Untuk menemukan korelasi antara sejarah hidup dan laju mutasi, para ilmuan berfokus pada waktu generasi pertama-tama. “Hubungan yang diduga antara waktu generasi dan laju mutasi cukup sederhana dan intuitif,” kata Makova. “Semakin banyak generasi yang dimiliki sebuah spesies per satuan waktu, semakin besar kemungkinan sesuatu yang salah terjadi; yaitu, dimana mutasi atau perubahan dalam barisan DNA terjadi.” Makova menjelaskan kalau perbedaan antara tikus dan manusia dapat digunakan untuk menggambarkan bagaimana waktu generasi dapat beranekaragam dari satu spesies ke spesies lain. Di satu sisi, tikus di alam liar biasanya memiliki anak pertamanya hanya enam bulan setelah ia lahir, dan karenanya waktu generasinya sangat singkat. Manusia, di sisi lain, memiliki keturunan ketika mereka setidaknya di masa remaja madya atau bahkan dalam usia dua puluhan, dan karenanya memiliki waktu generasi lebih panjang. “Bila kita menghitung secara matematis kita melihat kalau, buat tikus, setiap 100 tahun setara dengan sekitar 200 generasi, sementara untuk manusia, hanya lima generasi setiap 100 tahun,” kata Makova. Setelah membandingkan 32 spesies mamalia, timnya menemukan kalau indikator sejarah hidup terkuat dan paling signifikan dari laju mutasi adalah, faktanya, waktu rata-rata antara kelahiran anggota spesies dan kelahiran keturunan pertamanya, bertanggung jawab atas 40% variasi laju mutasi sehat pada spesies.

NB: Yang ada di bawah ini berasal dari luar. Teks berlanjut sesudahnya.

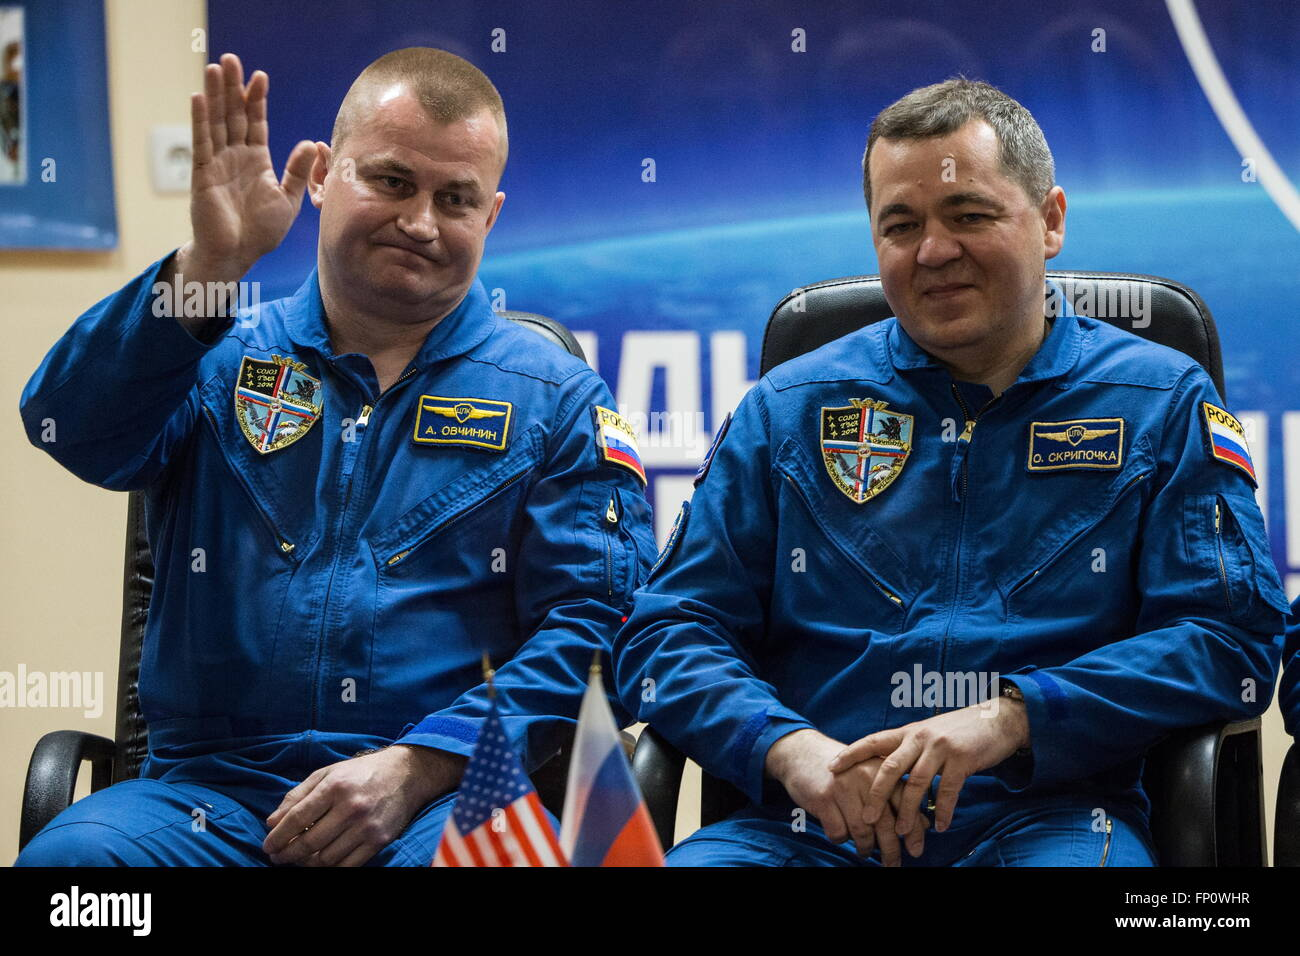 Baikonur, Kazakhstan. 17th Mar, 2016. International Space Station Expedition 47/48 main crew members, cosmonaut - Stock Image

Tim Makova juga menemukan kalau waktu generasi mempengaruhi bias mutasi jantan – lebih besarnya laju mutasi DNA dalam sperma dibandingkan sel telur. “Betina dari sebuah spesies lahir dengan seluruh pasokan osit, atau sel telur, untuk sepanjang usianya. Sel-sel ini harus membelah hanya sekali untuk dapat disuburkan,” jelas Makova. “Walau begitu, jantan dari suatu spesies menghasilkan sperma sepanjang usia reproduksinya, dan dibandingkan dengan sel telur, sel sperma mengalami lebih banyak replikasi DNA – lebih banyak kemungkinan kalau mutasi terjadi.” Para peneliti sebelumnya telah menunjukkan kalau laju mutasi DNA yang tinggi dalam jantan mamalia daripada betina mamalia, fenomena yang disebut bias mutasi jantan. Walau begitu, hingga sekarang, tidak ada yang menunjukkan kalau waktu generasi adalah penentu utama fenomena ini.
Tim Makova juga menemukan kalau, berbeda dengan waktu generasi, laju metabolisme tampaknya hanya merupakan prediktor moderat laju mutasi dan bias mutasi jantan. “Sementara temuan ini tidak seberarti hasil waktu generasi, saya menduga kalau studi lebih lanjut dapat memberi bukti yang lebih kuat kalau laju metabolisme memberi pengaruh penting pada laju mutasi dan bias mutasi jantan,” kata Mukova. Beliau menjelaskan kalau tantangannya adalah menjadikan laju mutasi sebagai faktor terpisah dari waktu generasi. “Kedua faktor ini berkorelasi sangat kuat satu sama lain, jadi sulit mendapatkan cara yang baik untuk mengetahui bagaimana metabolisme dapat bertindak independen dari selang waktu generasi.”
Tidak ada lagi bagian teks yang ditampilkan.